Otoritas China mendorong semakin banyak tenaga kerja pedesaan Tibet untuk keluar dari wilayah itu. Para tenaga kerja itu dipindahkan ke pusat pelatihan bergaya militer yang dibangun baru-baru ini dan mereka diubah menjadi buruh pabrik.
Seperti dilansir Reuters, Selasa (22/9/2020), metode tersebut disebut mirip dengan program pelatihan di wilayah Xinjiang, yang oleh banyak kelompok HAM disebut sebagai kerja paksa.
Menurut laporan seratusan media pemerintah, dokumen kebijakan dari biro pemerintah di Tibet dan permintaan pengadaan yang dirilis tahun 2016-2020, otoritas China telah menetapkan kuota untuk transfer massal tenaga kerja pedesaan di dalam wilayah Tibet dan ke wilayah China lainnya. Upaya penetapan kuota itu menandai perluasan cepat dari inisiatif yang dirancang untuk menyediakan tenaga kerja yang setia bagi industri China.
SCROLL TO CONTINUE WITH CONTENT
Sebuah pemberitahuan yang diposting ke situs pemerintah daerah Tibet, bulan lalu, menyebutkan bahwa lebih dari setengah juta orang telah dilatih sebagai bagian dari proyek tersebut untuk tujuh bulan pertama tahun 2020. Jumlah itu mencapai 15 persen dari populasi di kawasan tersebut.
Dari total ini, nyaris 50 ribu orang telah dipindahkan untuk bekerja di wilayah Tibet dan ribuan orang lainnya dikirimkan ke bagian lainnya di China. Kebanyakan berakhir dengan pekerjaan bergaji rendah, termasuk manufaktur tekstil, konstruksi dan pertanian.
"Sekarang ini, menurut pendapat saya, serangan terkuat, paling jelas dan terarah pada mata pencaharian tradisional warga Tibet yang kita saksikan hampir sejak Revolusi Budaya (tahun 1966-1976)," sebut peneliti Tibet dan Xinjiang independen, Adrian Zenz, yang menyusun temuan inti soal program ini.
Hal ini dirinci dalam laporan yang dirilis pekan ini oleh Jamestown Foundation -- sebuah institut berbasis Washington DC, Amerika Serikat (AS), yang fokus pada masalah kebijakan yang menjadi kepentingan strategis bagi AS.
"Ini adalah perubahan gaya hidup yang memaksa dari nomad dan bertani menjadi buruh upahan," sebut laporan tersebut.
Sementara itu, dalam pernyataan kepada Reuters, Kementerian Luar Negeri China membantah keras adanya kerja paksa dalam program itu. Ditegaskan bahwa China adalah negara hukum dan bahwa para tenaga kerja itu bekerja secara sukarela dan diberi kompensasi yang sesuai.
"Apa yang disebut oleh orang-orang dengan motif tersembunyi sebagai 'kerja paksa' sama sekali tidak ada. Kami berharap komunitas internasional bisa membedakan yang benar dari yang salah, menghormati fakta dan tidak tertipu oleh kebohongan," tegas Kementerian Luar Negeri China dalam penegasannya.
Memindahkan surplus tenaga kerja pedesaan ke sektor industri menjadi bagian penting dari upaya China untuk meningkatkan ekonomi dan mengurangi kemiskinan.
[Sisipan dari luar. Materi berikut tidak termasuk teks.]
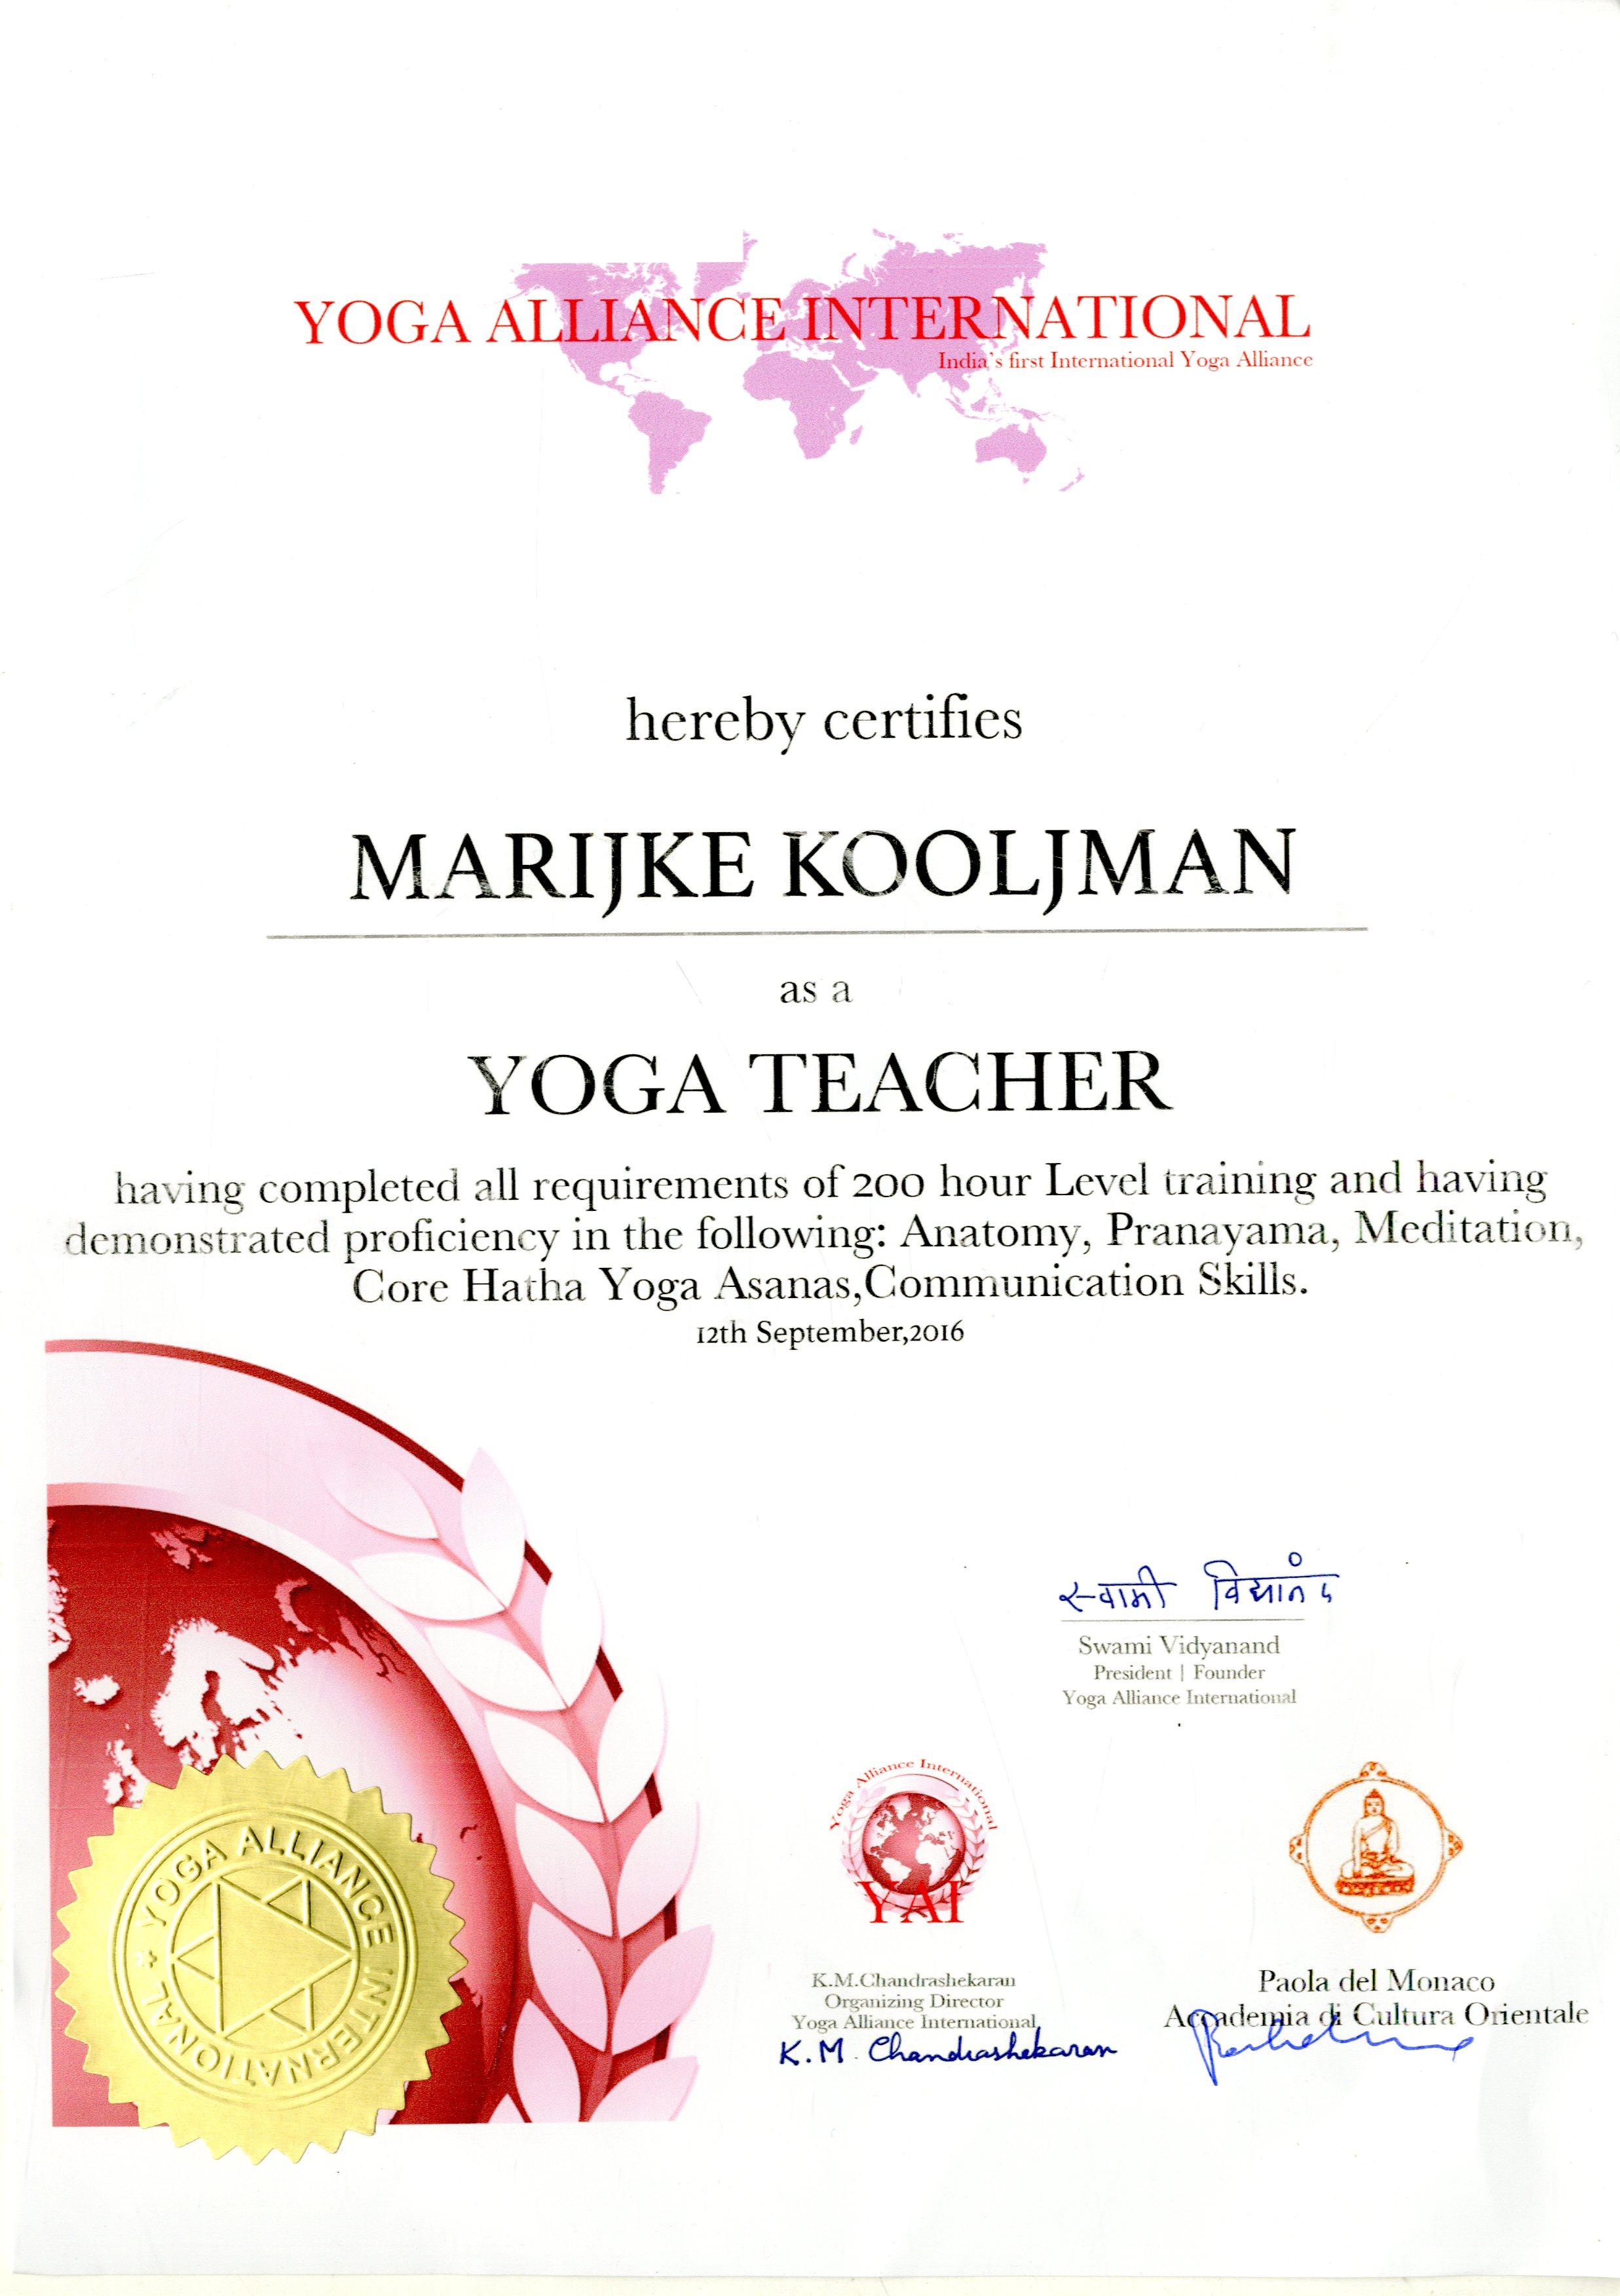 Diploma Yoga Alliance International (click for the full image)

Namun di daerah seperti Xinjiang dan Tibet yang memiliki populasi etnis yang besar dan riwayat kerusuhan, kelompok-kelompok HAM menyebut program-program semacam itu mencakup penekanan pelatihan ideologi sangat besar.
Dan adanya kuota pemerintah dan pengelolaan ala militer, sebut kelompok-kelompok HAM, menunjukkan bahwa transfer tenaga kerja massal itu memiliki elemen pemaksaan.